Uhuru Kenyatta and William Ruto came to power in 2013 under a cloud of the “choices have consequences” stance taken by Western powers especially the United States and Britain.

Many pessimists wondered how he would fare on the international stage under such a hostile environment and whether Kenya’s national interests would not suffer.

Even as they fought the International Criminal Court (ICC) cases, which eventually collapsed, the President reset the country’s foreign policy as he continued with the “Look East” policy that commenced under the Mwai Kibaki regime.

He engaged in a busy international travel schedule to buttress Kenya’s foreign policy as he looked for new partners insisting Kenya’s national interests would come first.

In addition, he was able to position Kenya as an African hub attracting foreign investment and assistance from new found allies and within no time the West was playing catch up.

By September last year, the President had netted Sh3 trillion from his foreign travels raising his approval ratings in the country and putting to shame Opposition leaders who saw the trips as a waste of money.

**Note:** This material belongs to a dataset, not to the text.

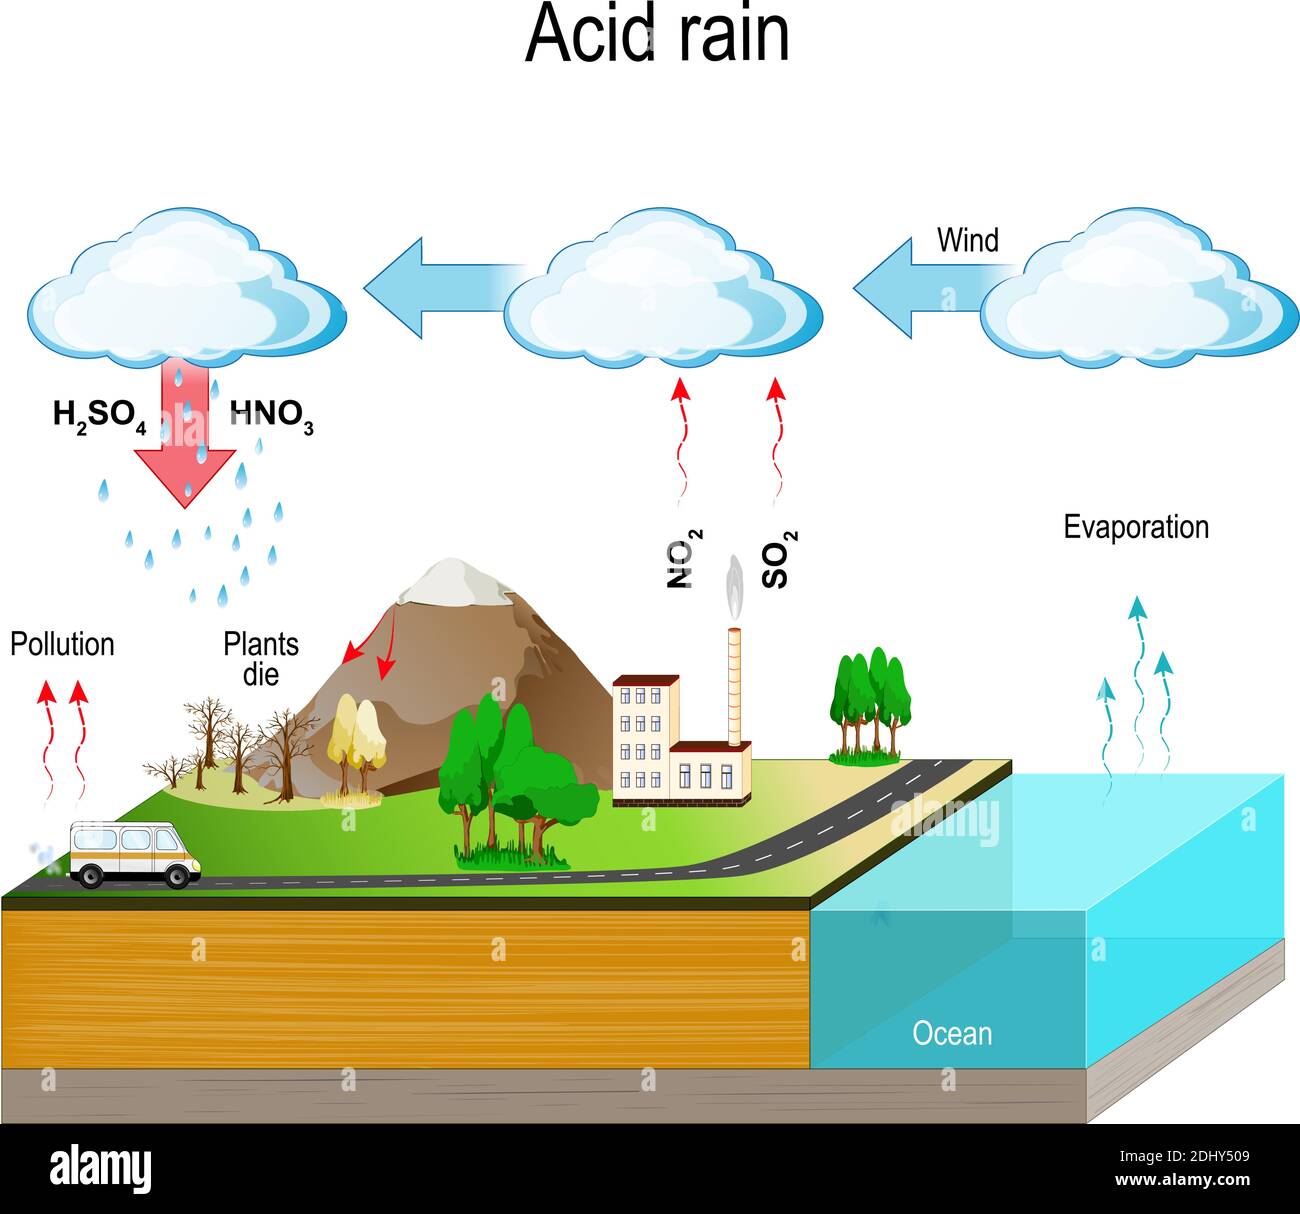 La pioggia acida è causata dalle emissioni di anidride solforosa e di ossido di azoto, che reagiscono con le molecole d'acqua presenti nell'atmosfera per produrre acidi. Illustrazione Vettoriale

Over 50 heads of state and other top world leaders, including United States President Barack Obama and Pope Francis visited the country.

Seeking to build on the success of the August 2014 US-Africa Leaders Summit, Obama, who was the first sitting US President to visit Kenya, co-hosted the Global Entrepreneurship Summit in Nairobi at which multi-billion investments were announced.

With Uhuru’s visit to the US for the Africa leaders meeting, and Obama’s to the country, Kenya was back as Washington’s strongest ally in the region.

Since then, Kenya has received significant help in the war against al Shaabab in terms of financial, security and defence equipment support. And more is expected under new US President Donald Trump.

In addition to continuing with its strong relations with allies such as China and Japan, President Uhuru has also forged ties with countries such as Turkey, Qatar and India attracting major bilateral deals.

While seeking to strengthen its Afro-centric foreign policy stance that aims at increasing trade within the continent, Uhuru’s government has sought to balance relations with the East and the West.

The Jubilee administration has prioritised the integration of the East African region and increased collaboration between African nations.

Because of the Jubilee government’s strong foreign policy, Kenya has been the destination of choice for major global conferences in the last four years.

In 2016 alone, it hosted major seven international conferences key among them being World Trade Organisation, United Nations Conference on Trade and Development (UNCTAD), the Global Partnership on Economic Development Conference (2nd High-Level Meeting), the Sixth Tokyo International Conference on African Development (TICAD) and the global Partnership for Economic Development Co-operation (HLM2) bringing thousands of delegates, including heads of state, to the country.

This in turn raised its profile in the meetings, incentives, conferences and events (MICE) sector.

This year, President Uhuru was invited to the G7 summit, held in Taormina, Italy where he met the world’s nine most powerful leaders.

As State House spokesman Manoah Esipisu noted, this was no accident. It was recognition, by the international community, that Kenya matters both for its own sake, and because it speaks for Africa.

At the summit, he met the Presidents of the US, France, the German Chancellor, and the Prime Ministers of Canada, Japan, and the host Italy, which was a first for Kenya, and a first for Africa.

Kenya no longer goes to western capitals with a begging bowl in hand but to have its voice heard.

Under Uhuru’s leadership, Kenya, for the first time since independence developed a written foreign policy, which was finalized in 2014.


Its mission is to project, promote and protect Kenya’s interests and image globally through innovative diplomacy, and contribute towards a just, peaceful and equitable world.


As the President notes in his forward remarks in the document, it also seeks to deepen the country’s engagement and partnerships with the Kenyan Diaspora in order to leverage and harness their skills and expertise for national development.


The country’s Diaspora’s remittances are ranked as the highest foreign exchange source ahead of tea.


But for long, their issues remained unsettled until the government developed a Diaspora Policy to guide their engagement with the country.